I won’t rise to the bait of naming names here, because I feel Gibbons and I would come up with very different lists of poets who enact genuine mystery, and those who manufacture mystery for its own sake. But still, this little point has me interested today. More profitable mystery! More difficulty that’s worth the reader’s time!
And this admission is one I wish people would listen to:
“. . . perhaps we poets and teachers haven’t encouraged in general readers a pleasure in language that is more complicated and a serious interest in subjects and poetic stances that are less personalized.”
Reginald Shepherd is a one-man publishing empire these days. And wonderfully so for the rest of us. I picked up his excellent (OK, I’m only a quarter of the way through it, but I’ve signed up) brand-new book Fata Morgana, at AWP, and his book of essays is in the publication process, and now this essay is available to all of us, for a week, at Poetry Daily. This is one of the best statements on the art of poetry in our time that I've yet come across. Give it a read. Share it with John Barr:
“Dominated by the twin poles of earnestly mundane anecdote and blank-eyed, knee-jerk irony, much contemporary American poetry is embarrassed by passion, by large gestures, and by major aspirations, as if they were immodest at best, dishonest at worst. As Jorie Graham has said in an interview with critic Thomas Gardner, "we have been handed down by much of the generation after the modernists – by their strictly secular sense of reality (domestic, confessional), as well as by their unquestioned relationship to the act of representation – an almost untenably narrow notion of what [poetry] is capable of." This inheritance still dominates the poetic mainstream, despite the many and diverse openings of the field since then.
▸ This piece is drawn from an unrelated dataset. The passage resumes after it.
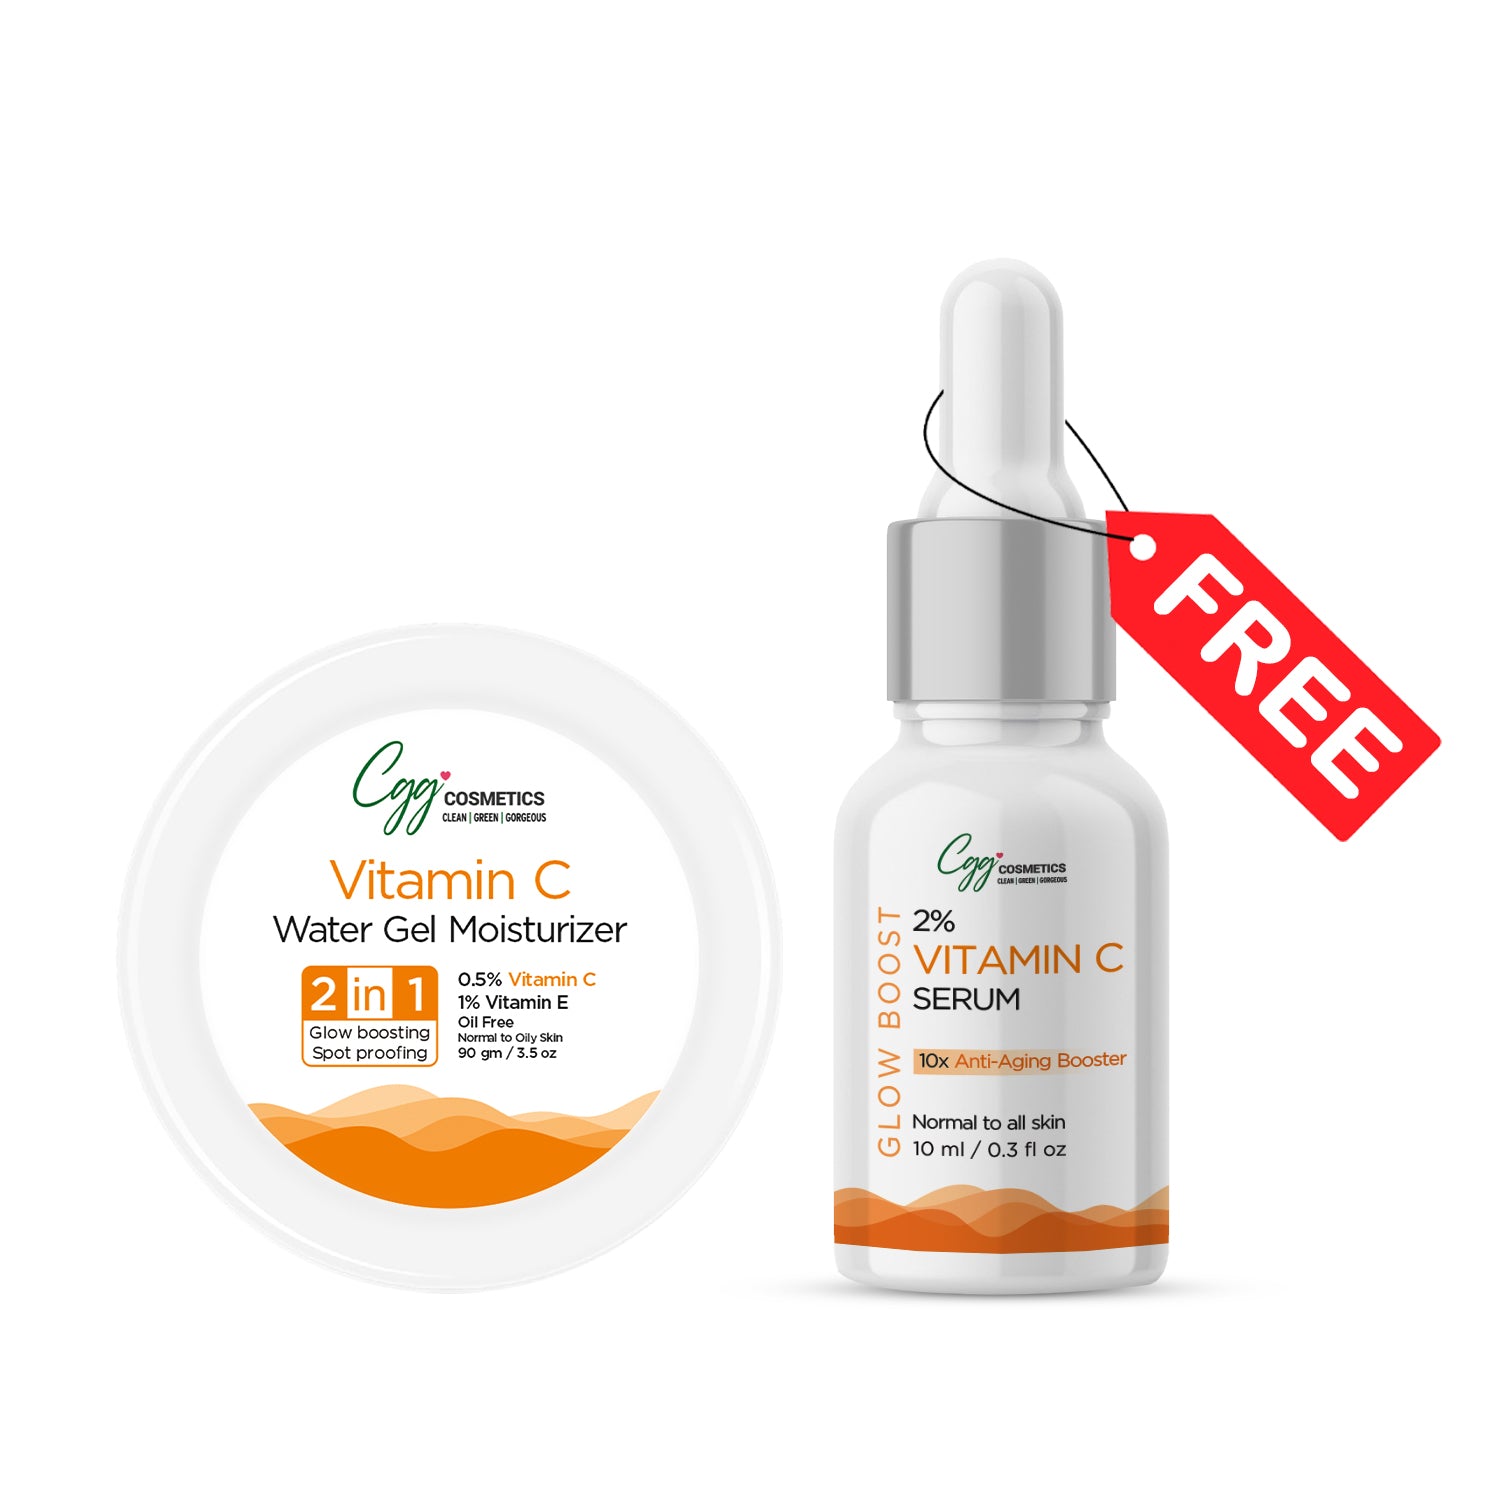 CGG Cosmetics Vitamin C Water Gel Moisturizer 90gm + FREE 10ml Sample of 2% Vitamin C Serum

American poetry still tends to dismiss or ignore those possibilities which cannot be neatly packaged and contained. Among poets who reject the mainstream mode that Graham describes, including those who see themselves as experimental or even "oppositional," too many retreat into easy, evasive sarcasm and tidy, self-congratulatory ironies. (Joshua Corey calls this "phrases meeting cute").”
Read the whole essay, from Pleiades:Reginald Shepherd's "One State of the Art"
The world on a Monday:
C. Dale Young reports that the Four Way Books Spring collection has moved from pre-order to 4-6 weeks delivery status on amazon.com. They’re almost here!
As well, he has a link to the dust up between The New York Times and The New Yorker. Poetry Daily also has a link to both:
· Dana Goodyear's article. (From The New Yorker).
· David Orr’s riposte to Dana Goodyear's essay. (From The New York Times.)
It’s really worth your time to read both of these articles. As well, the John Barr article is available on line at POETRY’s website.
And then read the AWP retorts:
Why is all this important? Well, the arguments back and forth really come down to money, power, and visibility. Mostly, no one would notice or care much about John Barr’s thoughts on contemporary poetry if he weren’t the president of a foundation worth 200 million dollars. 200 million dollars puts a lot of advertising smack behind one’s views. As well, David Orr has a bit of criticism of Dana Goodyear and The New Yorker, for the way poetry is treated there . . . visibility. The repeated story becomes the story. And the story of contemporary poetry is being written over our heads by a bunch of people with wide circulation and quite a bit of money.
Here’s my open call to John Barr: Mr. Barr, if you really care about the dissemination of poetry of all kinds, as you said at AWP, then you should also put some money behind an alternative press. Or an alternative press prize. As of now, you’ve put a lot of time and money into a very narrowly defined conception of poetry. It’s time to open the table to more guests.